Geri Dönen Demirci Bölüm 175 - Fenrir Scans
Karanlık Mod?

Geri Dönen Demirci Bölüm 175

Geri Dönen Demirci novelini en güncel şekilde Fenrir Scansdan okuyun.

Geri Dönen Demirci Novel Oku

Bölüm 175

Se-Hoon ve Luize şu anda Hac Kilisesi'nin İtalya şubesindeydi.

Antonio Rehabilitasyon Hastanesi'ndeki iki günlük gönüllü çalışmalarını yeni bitirmişlerdi. Ancak sahte kimliklerinden vazgeçmeleri ve Jane'in bahsettiği ödülü almaları gerektiğinden doğrudan Babel'e dönmediler.

Seyyah muhtemelen ondan bize bir şey vermesini istedi.

Seyyah, Se-Hoon'un kişisel olarak hiç tanışmadığı biri olmasına rağmen, Seyyah'ı başkaları sayesinde iyi tanıdığını hissediyordu.

“vermeyi seviyor ama almaktan nefret ediyor. Kesinlikle çılgın bir aptal.

“Çok merhametli bir insandır.”

“İyi ama yorucu bir insan.”

Kwang-Soo onu itici buldu, Başpiskopos Kamal onun yasını tuttu ve Eun-Ha sadece objektif bir görüş bildirdi. Görüşleri oldukça farklıydı ama temelde bir ortak nokta vardı: Hepsi Seyyah'ın cömertliğini son derece aşırı buluyordu.

“Ondan bir milyon borç alırsan, sana bir milyonu verir, sonra bir milyonu da faizsiz borç verir derler.”

Seyyah, Karl Andersen, nazik olmanın da ötesinde bir insandı; iyiliğin karşılığını daha da fazla nezaketle karşılama konusunda zorlayıcı bir ihtiyacı vardı.

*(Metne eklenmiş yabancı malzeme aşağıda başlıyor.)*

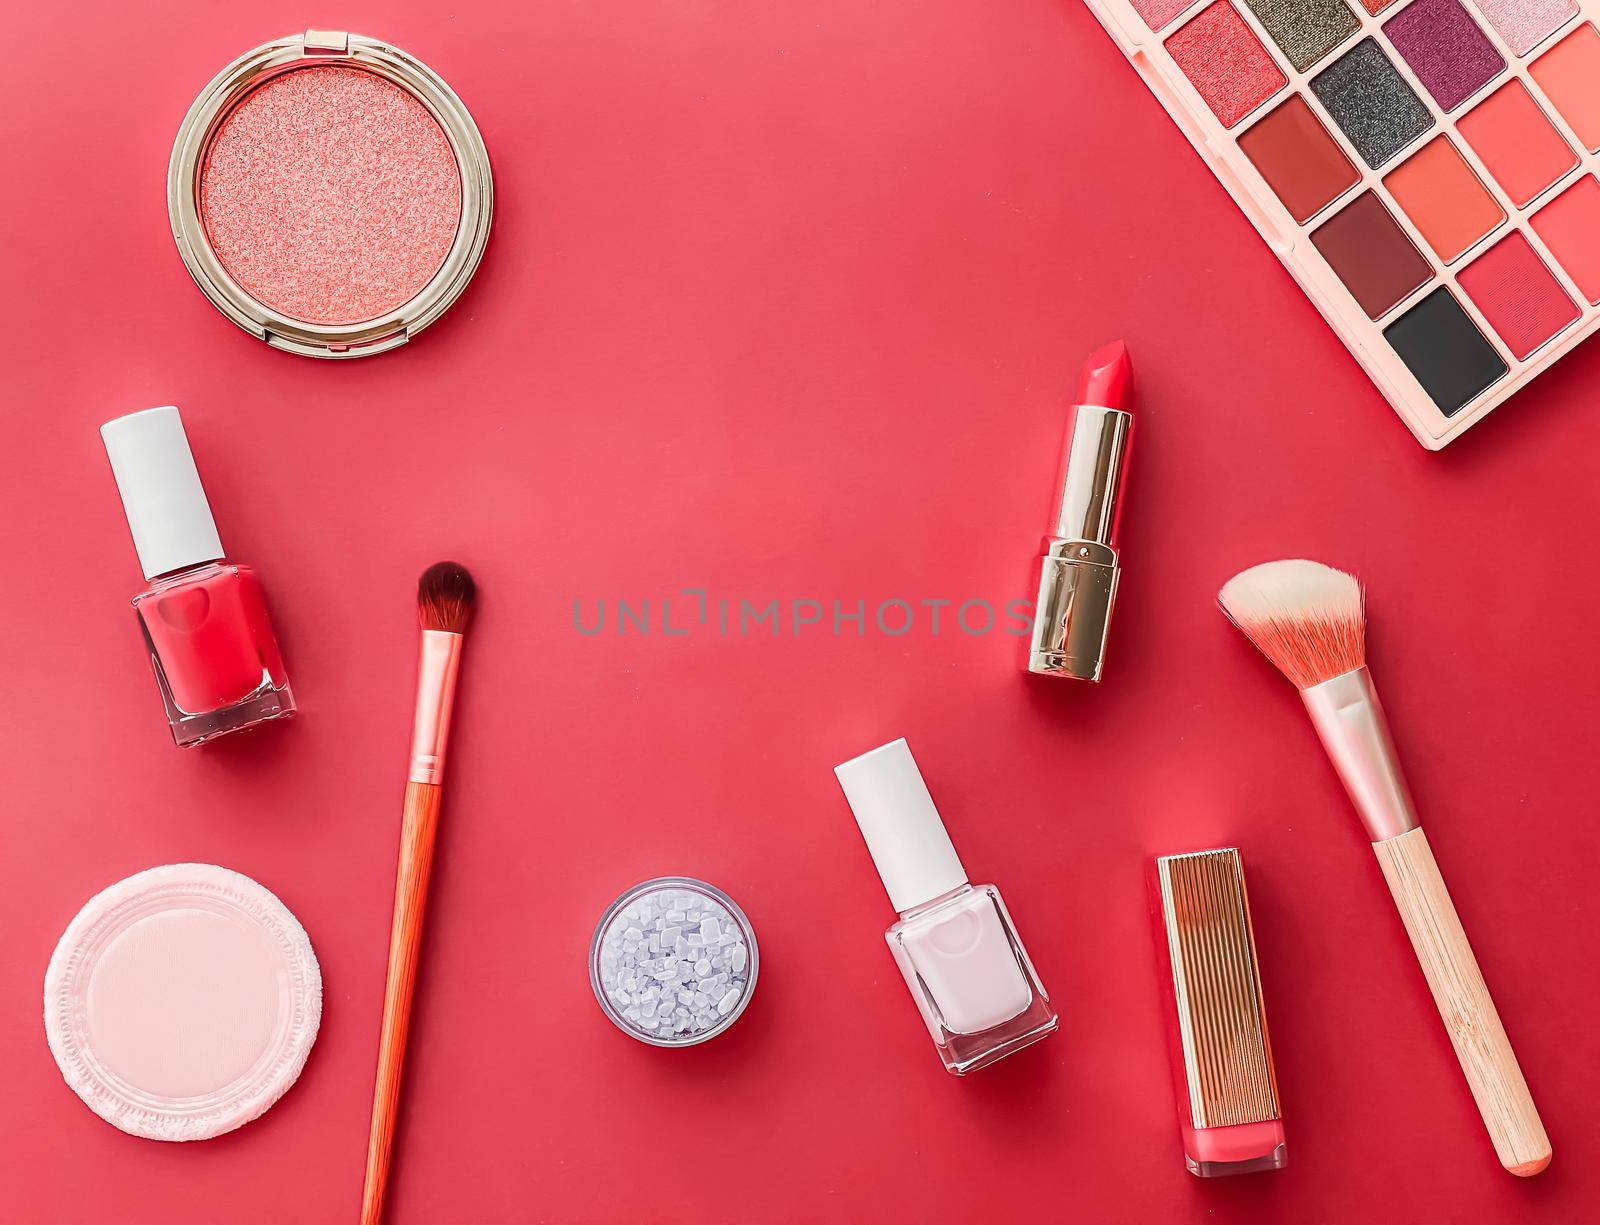 Beauty, make-up and cosmetics flatlay design with copyspace, cosmetic products and makeup tools on coral background, girly and feminine style by Anneleven

“Ona çok yaklaşırsan seni deli eder. Ancak anlaşma yapılabilecek ondan daha iyi bir insan yok.”

Bazılarına göre Seyyah'ın abartılı geri ödemeleri bir yük gibi gelebilirdi ama Se-Hoon basitçe düşündü: Eğer karşılığında bu kadar fazlasını vermemekten rahatsızlık duyuyorlarsa neden bu konuda suçlu hissetsin ki? Aslında aksini hissetmenin kabalık olacağını düşünüyordu.

Bizi ne kadar ödüllendireceğini merak ediyorum. Artık bir bağlantı kurduğumuza göre, gelecekte ondan kesinlikle çok faydalanacağız…

“Hey, ne kadar beklememiz gerekiyor?”

Luize'nin sakin sesini duyan Se-Hoon, ne tür bir ödül alacaklarına dair tahminlerini bir kenara bıraktı. Cevap vermeden önce, resepsiyon odasındaki kanepede yanında oturan Luize'ye baktı.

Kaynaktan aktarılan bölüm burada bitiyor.